Но абсолютно доминирующей темой фестиваля стала семья со всеми ее проблемами, бедами, тайнами и скелетами в шкафу. Фестиваль и открылся фильмом о дисфункциональной семье от кумира синефилов 90-х Тома Тыквера. Спустя четверть века после выхода культового "Беги, Лола, беги" немецкий режиссер представил на Берлинале драму о дисфункциональной немецкой семье, которую спасает от кризиса беженка из Сирии.

"Свет" в конкурсе не участвует и вообще получил очень сдержанные оценки критиков. Кажется, самое большое впечатление на всех произвел немецкий актер Ларс Айдингер, разгуливающий перед камерой в чем мать родила. Герой Айдингера, казалось бы, счастливо устроил свою жизнь – карьера, прекрасная жена-актриса и благотворитель, дети-подростки. Но, как это почти все время бывает в фильмах Берлинале и сериалах с Николь Кидман, все совсем не так, как кажется. И дорогие психотерапевты не справляются с никак не складывающимся семейным счастьем.

Если "Свет" Тыквера оставляет ощущение недоговоренности, то другая семейная драма – фильм Мэри Бронштейн "Если бы у меня были ноги, я бы тебя ударила", участвующий в конкурсе, – неожиданно совершенно подхватывает эстафету тыкверовской "Беги, Лола, беги" и по динамизму, и по радикализму, с которым постановщица говорит о том, о чем принято молчать.

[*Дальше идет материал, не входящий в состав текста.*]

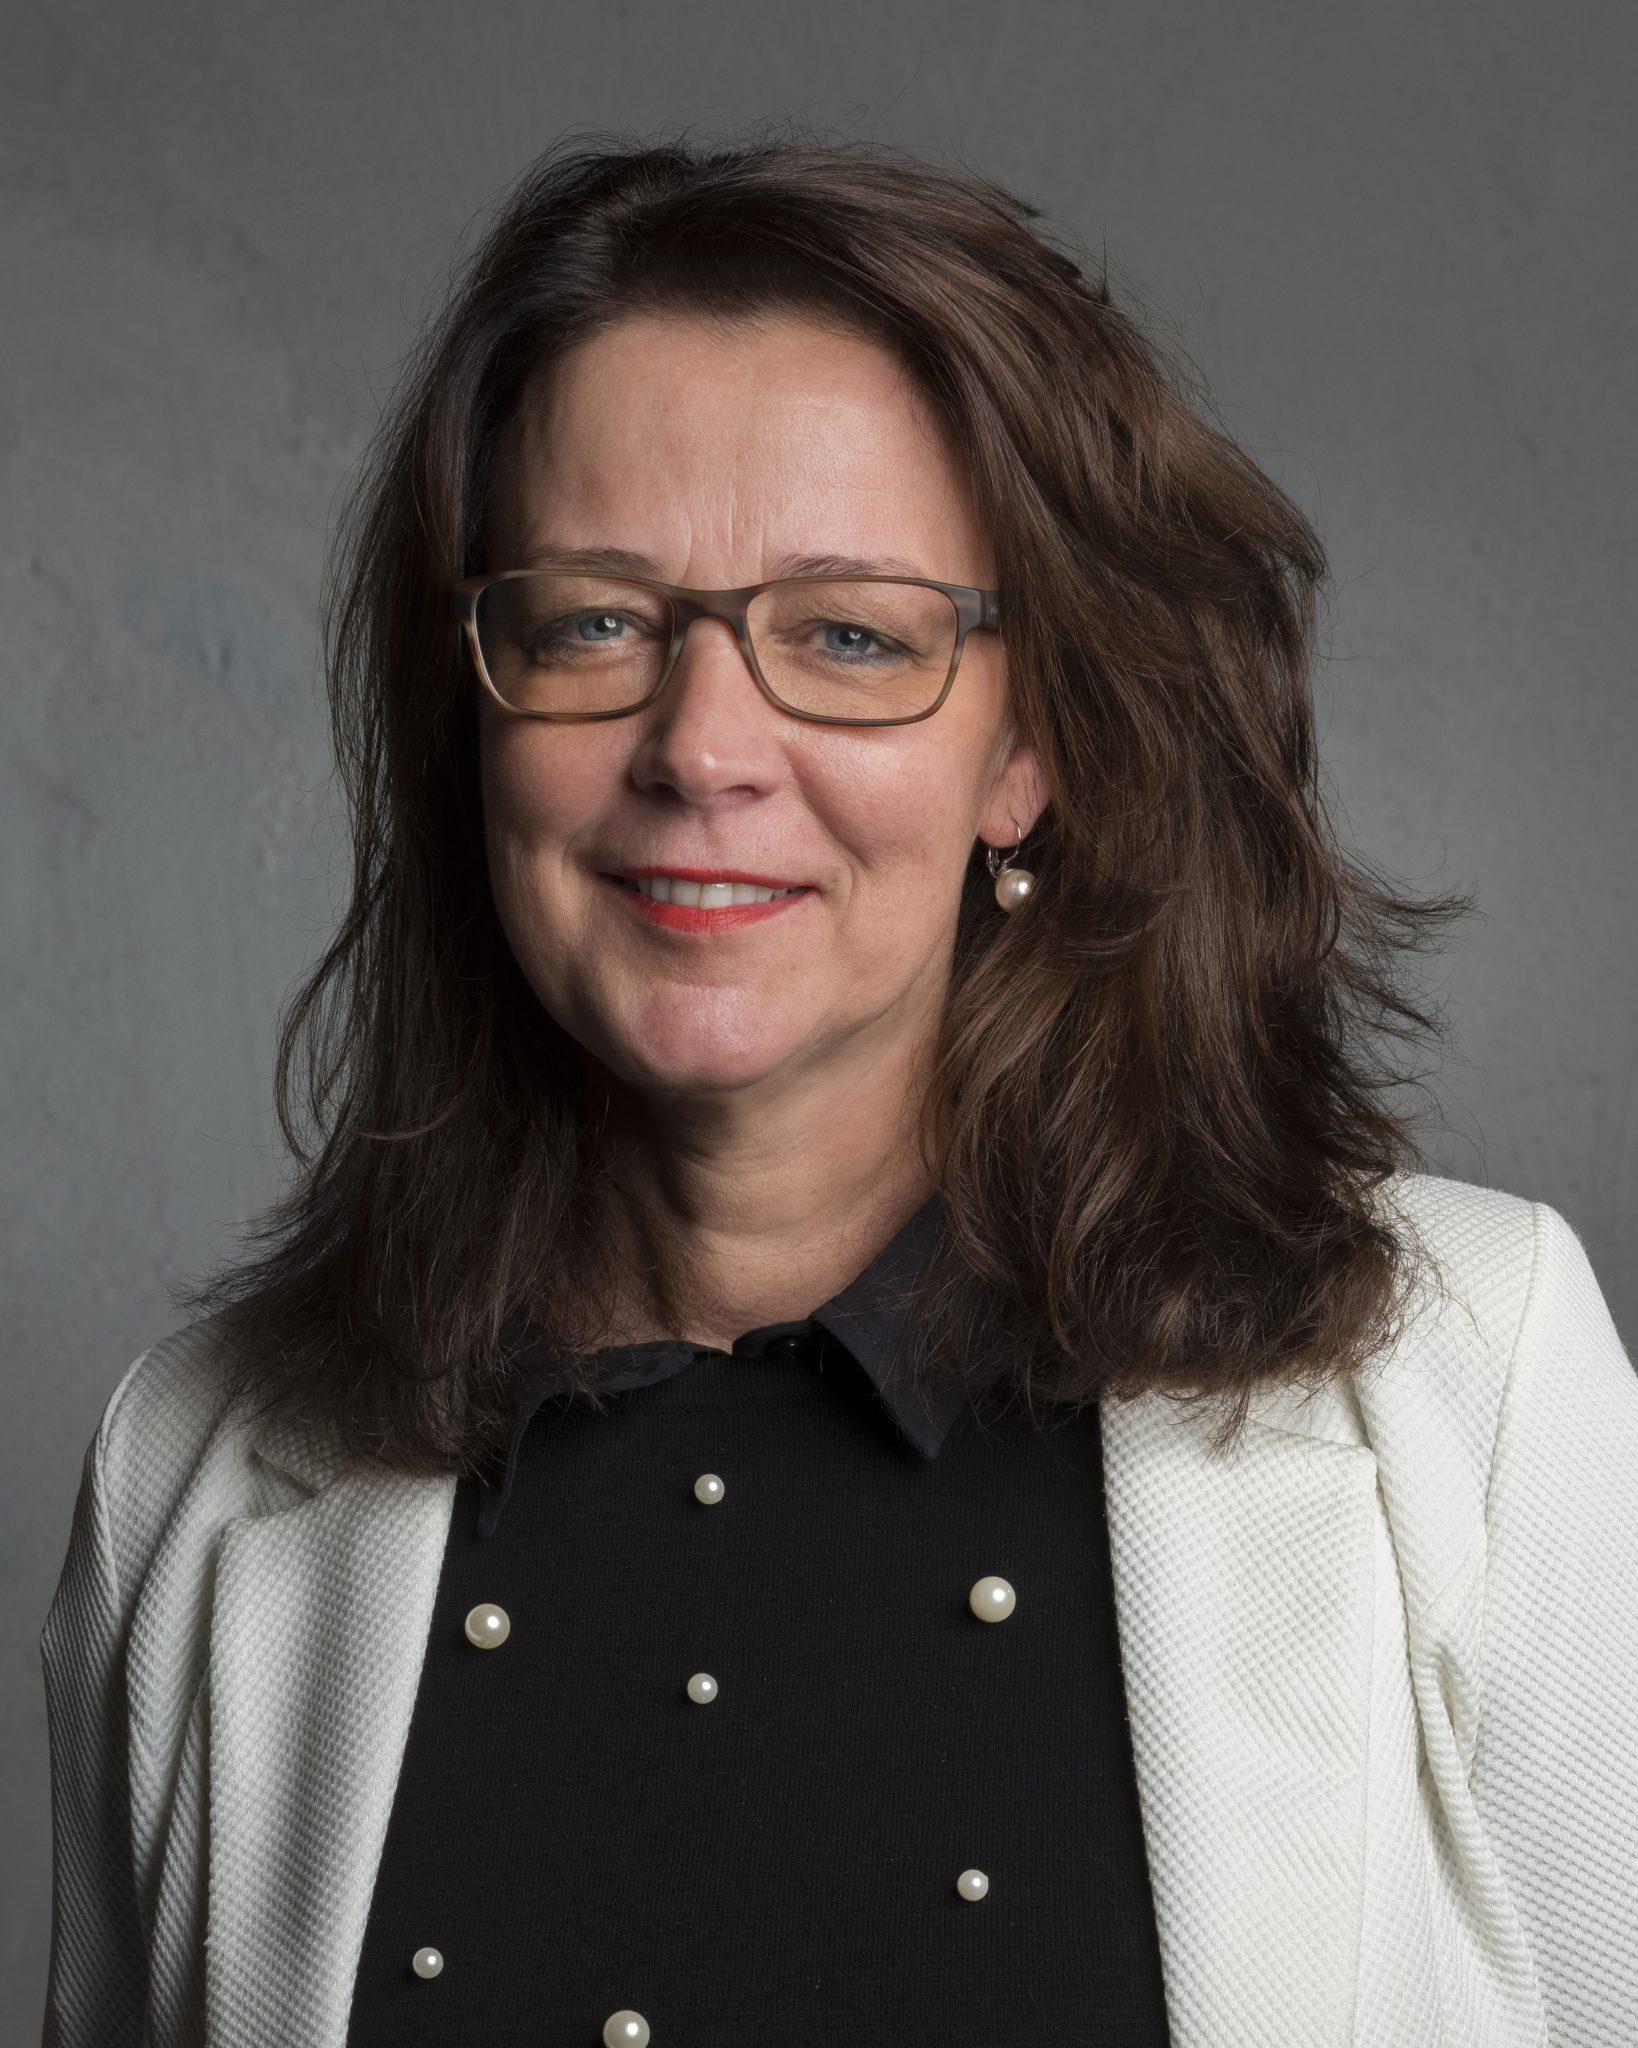 Anne-Lies van Heun

Детский голосок за кадром говорит, что иногда мама бывает очень грустная. А на экране крупным планом красивое напряженное лицо. Линда (блистательная роль Роуз Бирн) с нетерпением выслушивает откровения дочери, стремится перебить, опровергнуть, ее глаза наполняются слезами: "Нет, я совершенно не грустная". "Мамочка, не плачь", – начинает плакать детский голосок за кадром.

По дороге домой Линда покупает дочери пиццу. "Только убери сыр", – канючит малышка. В раздражении Линда пытается уговорить дочку съесть пиццу как есть, но спотыкается и роняет коробку. Девочка смеется. Линда открывает коробку, по которой размазаны куски пиццы, томатного соуса и отвалившегося сыра. Его Линда будет некрасиво есть, притащив дочку домой. Пока та не закричит, что в доме по щиколотку воды. "Мамочка, мамочка, мы умрем, мы утонем, да?" – бесконечно повторяет ребенок, пока мама ищет источник потопа – прямо в спальне над кроватью разверзлась огромная дыра, из которой хлещет вода, а по краям этой дыры висят похожие на разодранную кожу ошметки.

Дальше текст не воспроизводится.